Tim Berners-Lee’s NFT website sells for $ 5.4 million
[ad_1]
Cryptocurrency investors and digital collectors believe the original source code of the website more valuable than the first tweet but less desirable than a pixelated punk.
A “Non-fungible tokens” It represented Sir Tim Berners-Lee’s invention of the website at an auction that sold for $ 5.4 million on Wednesday. The winner was not immediately identified.
Sotheby’s Auctions names digital artwork “This changed everything”, among the most valuable NFTs ever sold. However, the high-profile article was missing ten million dollars less than the high-water mark set by digital artist Beeple three months ago among signs that virtual interest is already weakening.
The final value exceeds the $ 2.9 million price paid for an NFT of Jack Dorsey’s first tweet, which the Twitter founder auctioned off in March. But it’s much less than $ 69 million cryptocurrency investor he paid for Beeple’s “Everydays: The First 5000 Days” in March.
Earlier this month, a CryptoPunk – one of the first digital collection series – sold for $ 11.8 million at a Sotheby’s NFT auction. The other two CryptoPunks, which look like the graphics of a first video game, have sold for more than $ 7 million.

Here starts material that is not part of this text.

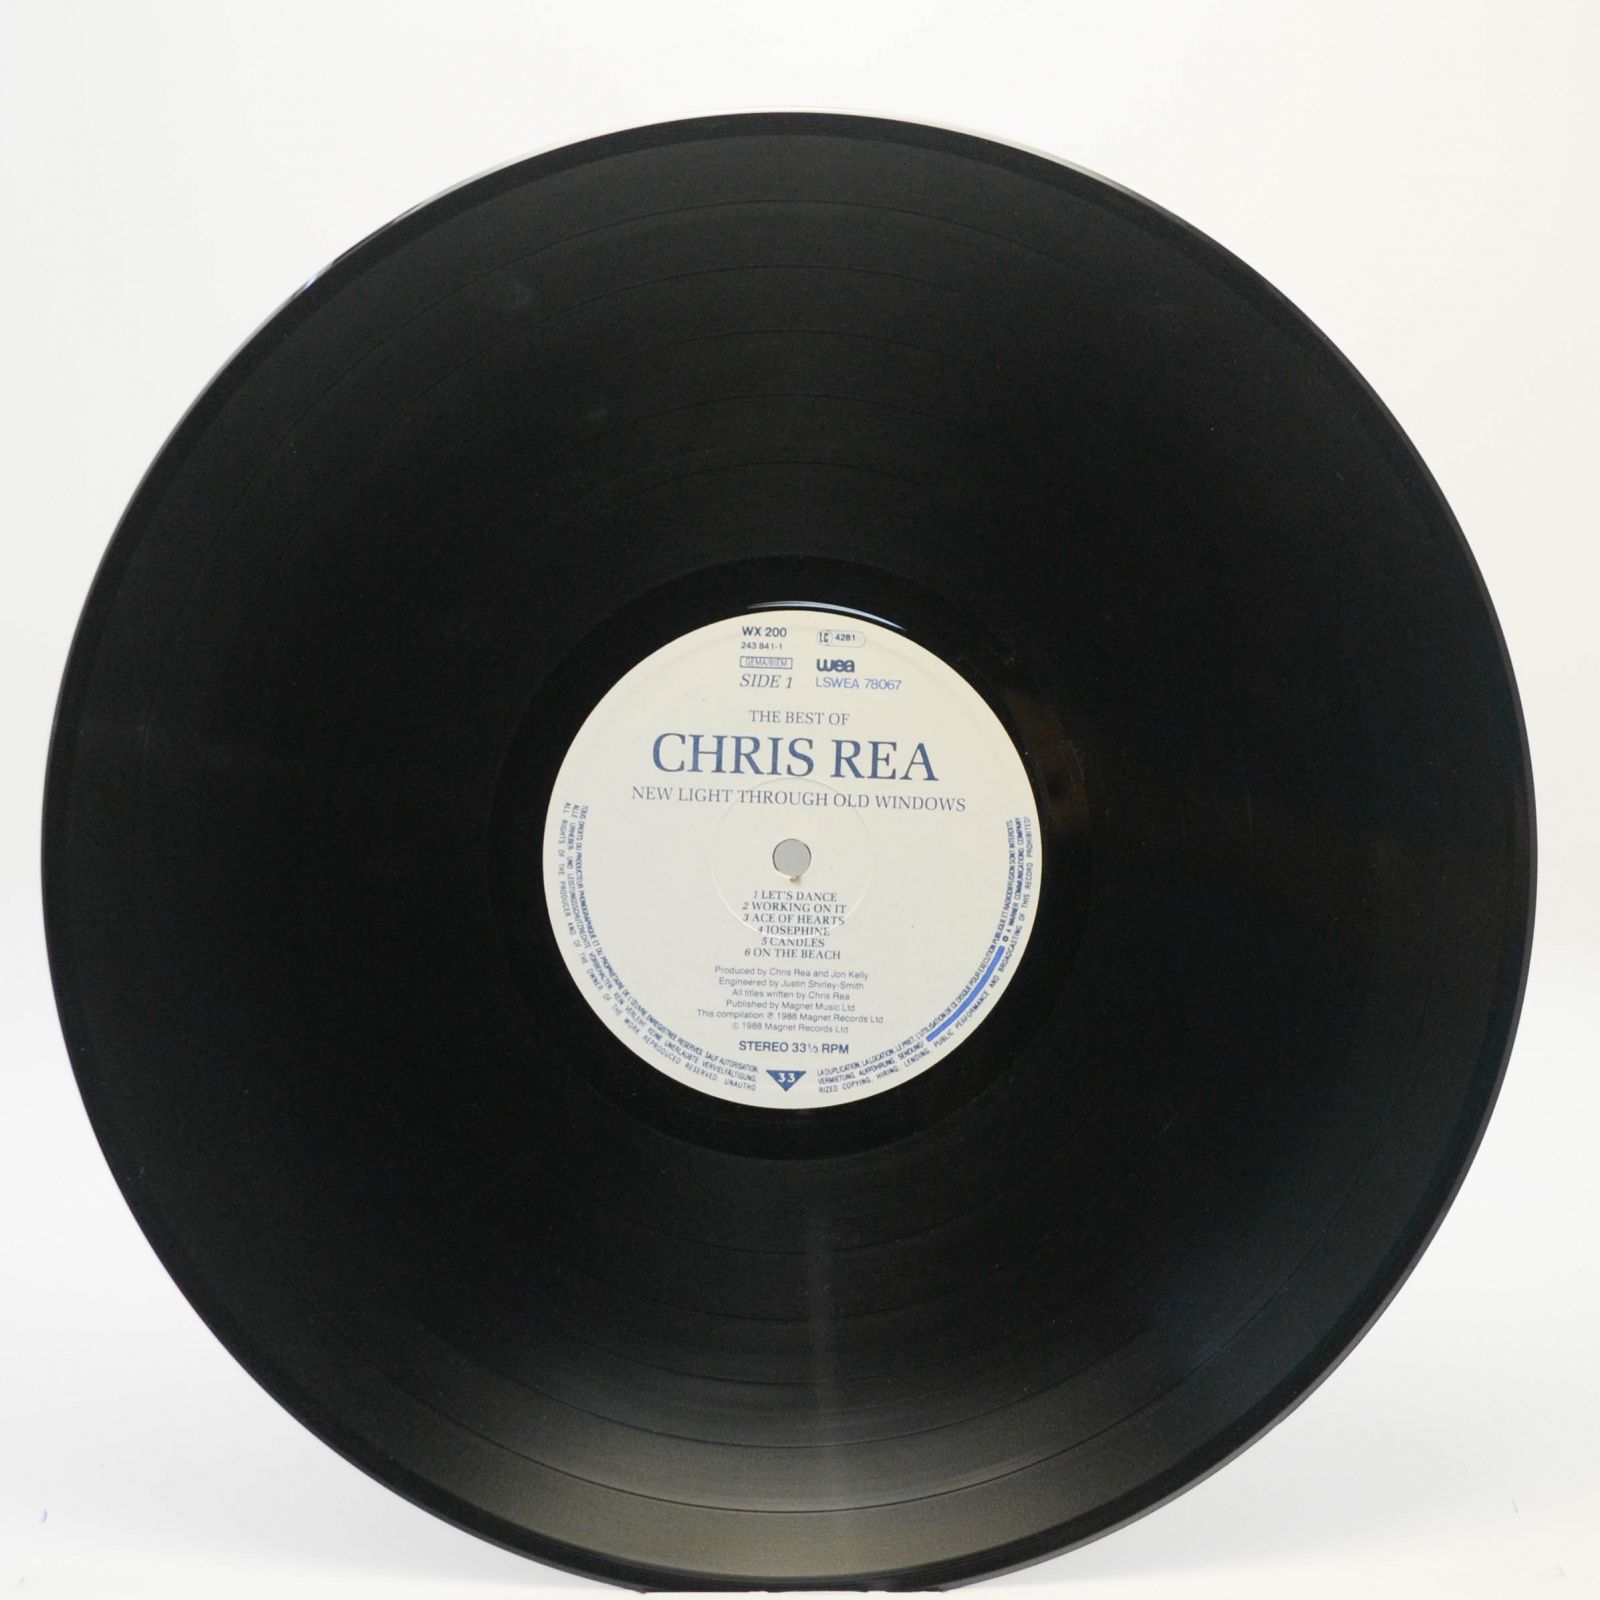 Chris Rea — New Light Through Old Windows (The Best Of Chris Rea), 1988
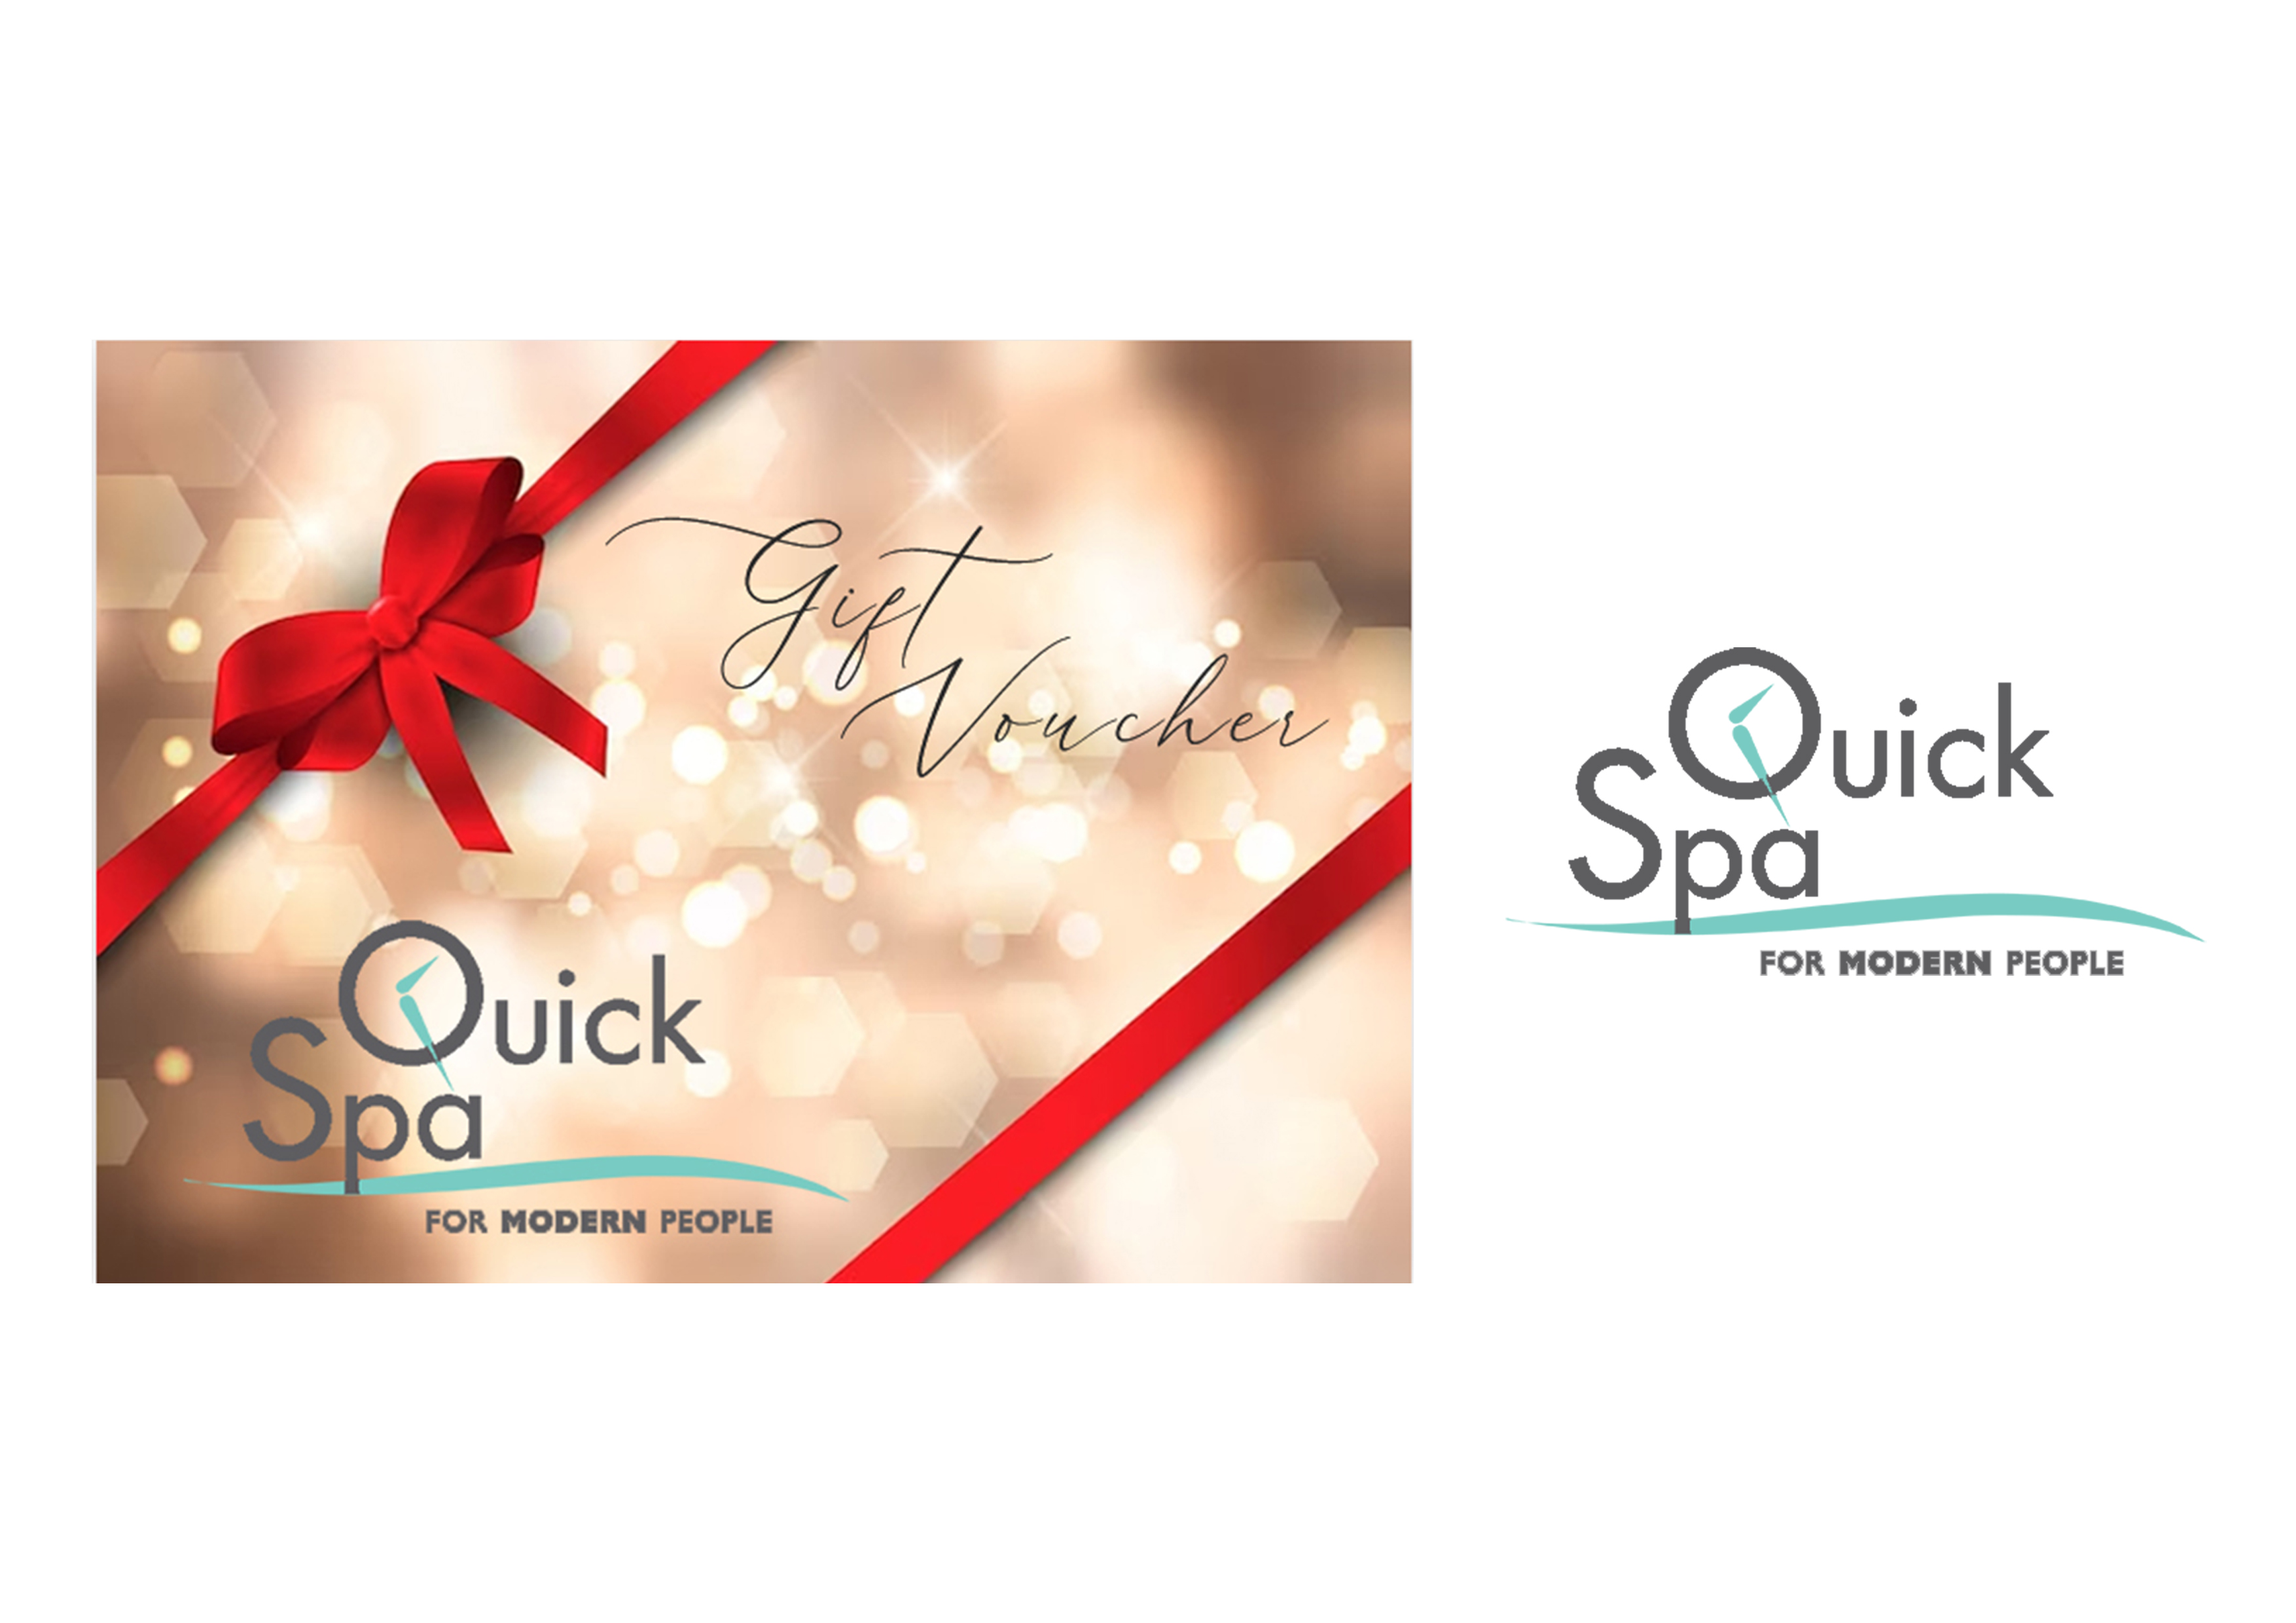 To HELLO! χαρίζει σε δύο τυχερούς vouchers για χαλαρωτικές υπηρεσίες περιποίησης στο QuickSpa

The British scientist’s bundle featured an archive of time-stamped files for the WorldWideWeb browser, a 30-minute digital “poster” of animation and code, and a letter from Berners-Lee explaining the background to his invention.
Berners-Lee said in a statement that the process “gave me the opportunity to go back in time to the time I first sat down to write this code 30 years ago and could go into the next few decades to reflect on how far the network has come.”
“I am pleased that Rosemary and the initiatives I support have benefited from the sale of this NFT,” he said.
While the inventor of the web likened the token to an autographed book, Sotheby’s hoped that collectors would value the digital object in terms similar to a scientific art.
Berners-Lee’s set of codes exceeded the amounts paid for the handwritten manuscripts by Alan Turing and Albert Einstein at auctions of past scientific memories. The price is in line with NSA whistleblower Edward Snowden’s NFT artwork, which sold for $ 5.4 million in April.
More than 50 bids from around the world were placed in Berners-Lee’s NFT weekly auction. “The tremendous reception to respond to the auction is a fitting tribute to the genius of the man who changed our world forever,” said Cassandra Hatton, global head of science and popular culture at Sotheby’s.
NFT uses blockchain technology to bring disability, traceability and authentication to the digital world so that the media can be constantly copied.
The technical basis of the web was never patented, but it was made public for free by Cern, a particle physics laboratory in Switzerland, when Berners-Lee came up with the idea.
Hundreds of millions of dollars have been spent on digital collectibles this year, although activity has been lower since the March summit, along with broader ones. sell in cryptocurrencies and in a series of regulatory restrictions on bitcoin.